Alors que la vaccination progresse, la question de l’immunité au Covid-19 reste en suspens
Alors que la vaccination progresse, la question de l’immunité au Covid-19 reste en suspens (vidéo) / L'éclairage d'actualité / 3 min. / le 25 janvier 2021
Alors que beaucoup de questions restent en suspens sur les vaccins contre le Covid-19, 54 millions de personnes ont désormais été vaccinées dans le monde. Invitée de La Matinale, Claire-Anne Siegrist, spécialiste des vaccins aux HUG, nuance leur capacité à faire totalement disparaître la pandémie.

La vaccination à large échelle et généralisée pose plusieurs questions, notamment celle de l'utilité de vacciner les personnes qui auraient déjà eu la maladie.
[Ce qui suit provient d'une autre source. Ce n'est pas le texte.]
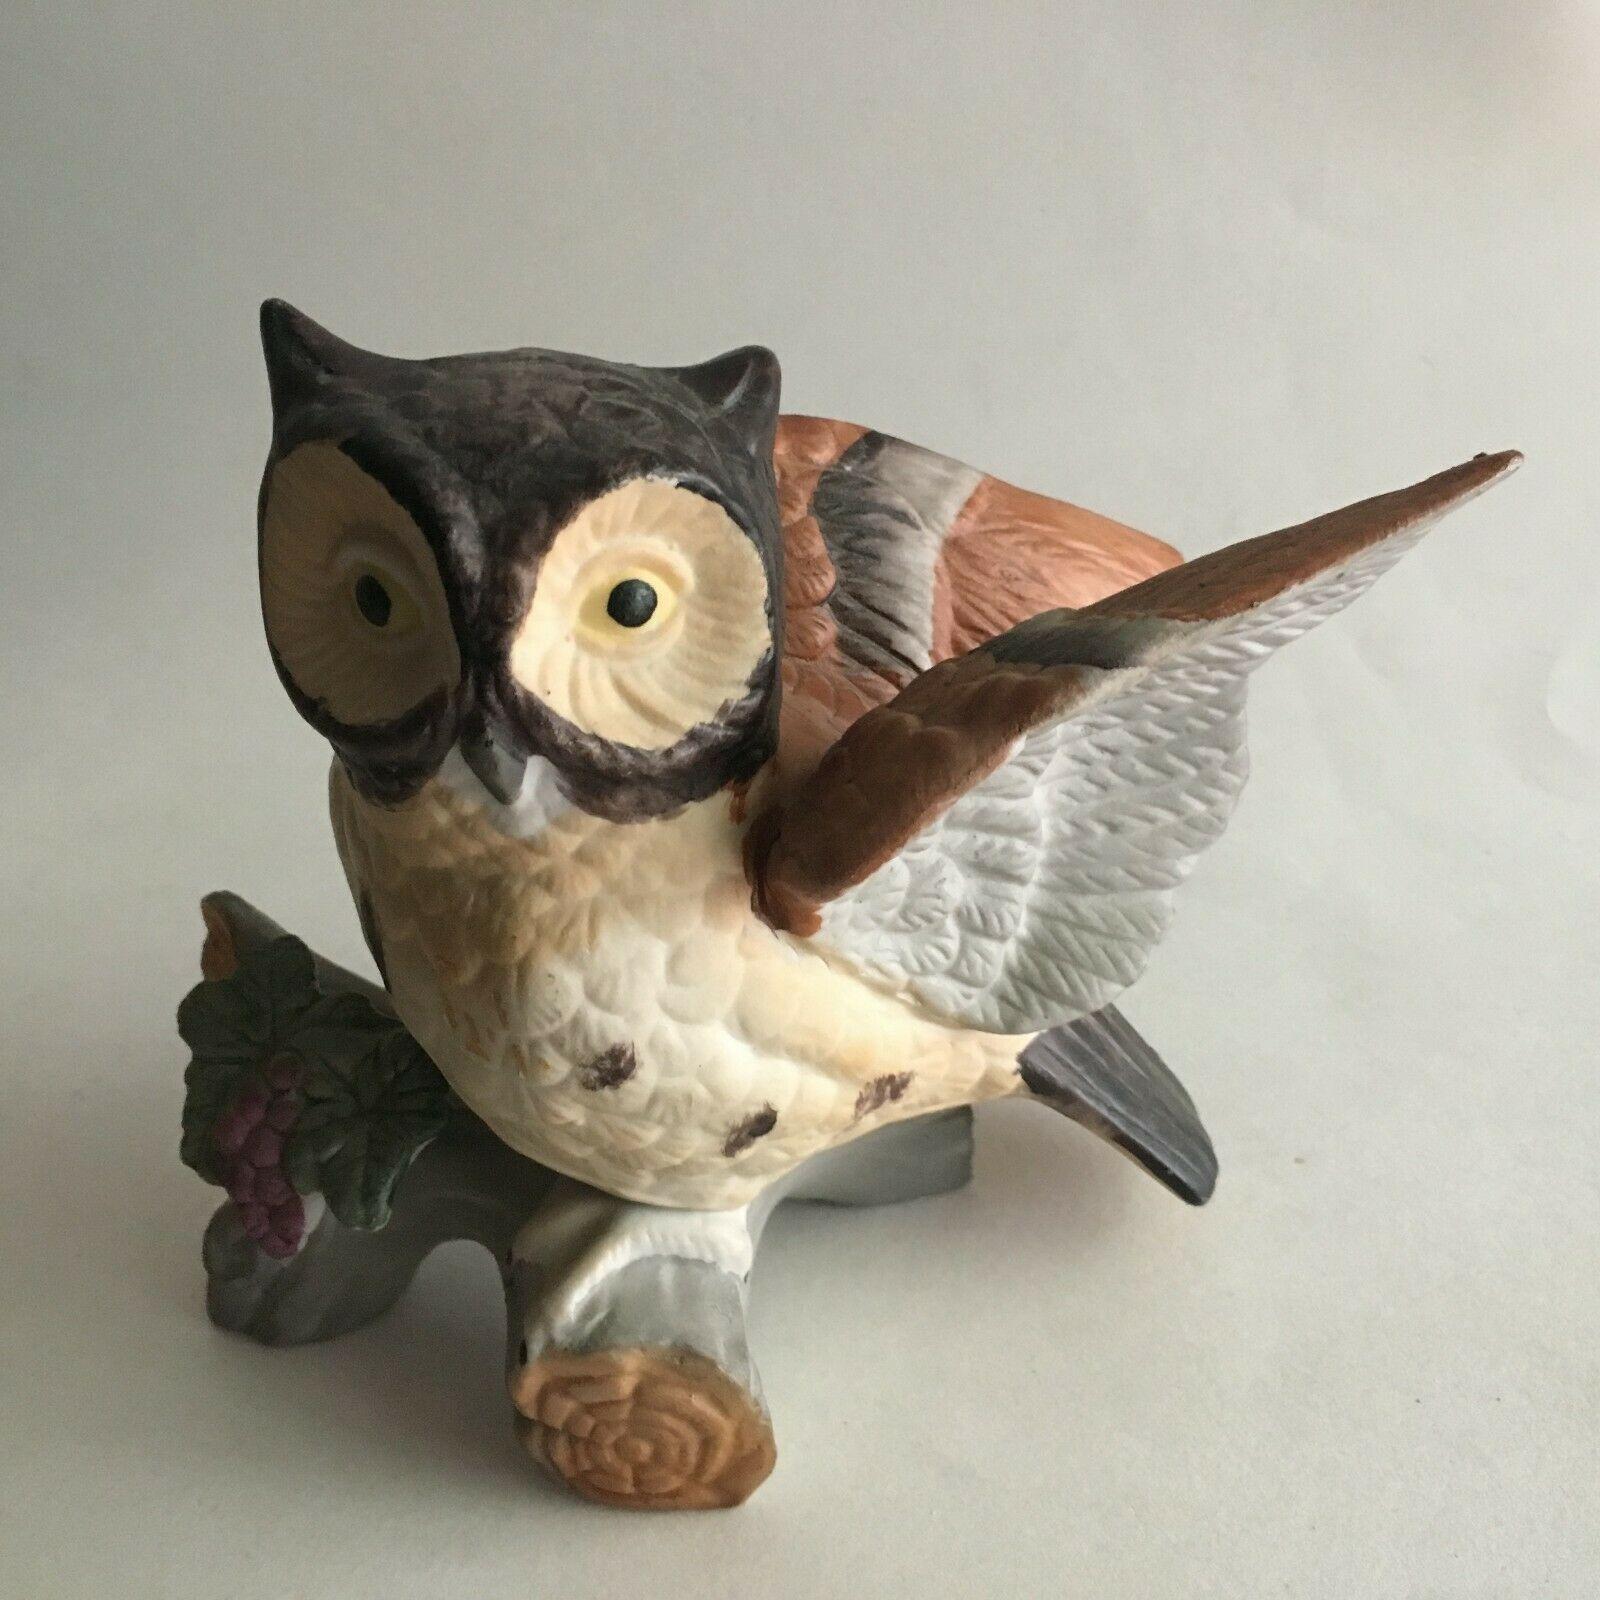 "Vintage Owl on Branch Ceramic Figurine Statue Collectible 6""X5""X3"" Mid Century"

La durée de l'immunité après une infection est floue. Dans le cas d'autres coronavirus mieux connus, on sait que celle-ci décline au bout d'un certain temps. Et des premières études sur le Covid-19 laissent penser qu'elle dure au moins 6 à 8 mois.

Mais, même si c'est rare, il y a eu quelques cas de réinfection à plus court terme. La réponse du système immunitaire de personnes plus âgées ou vulnérables peut aussi se montrer moins solide. Ainsi, les spécialistes font valoir qu'il n'y a aucun risque à vacciner quelqu'un qui aurait déjà des défenses et que, au contraire, cela peut leur donner un "coup de fouet" immunitaire.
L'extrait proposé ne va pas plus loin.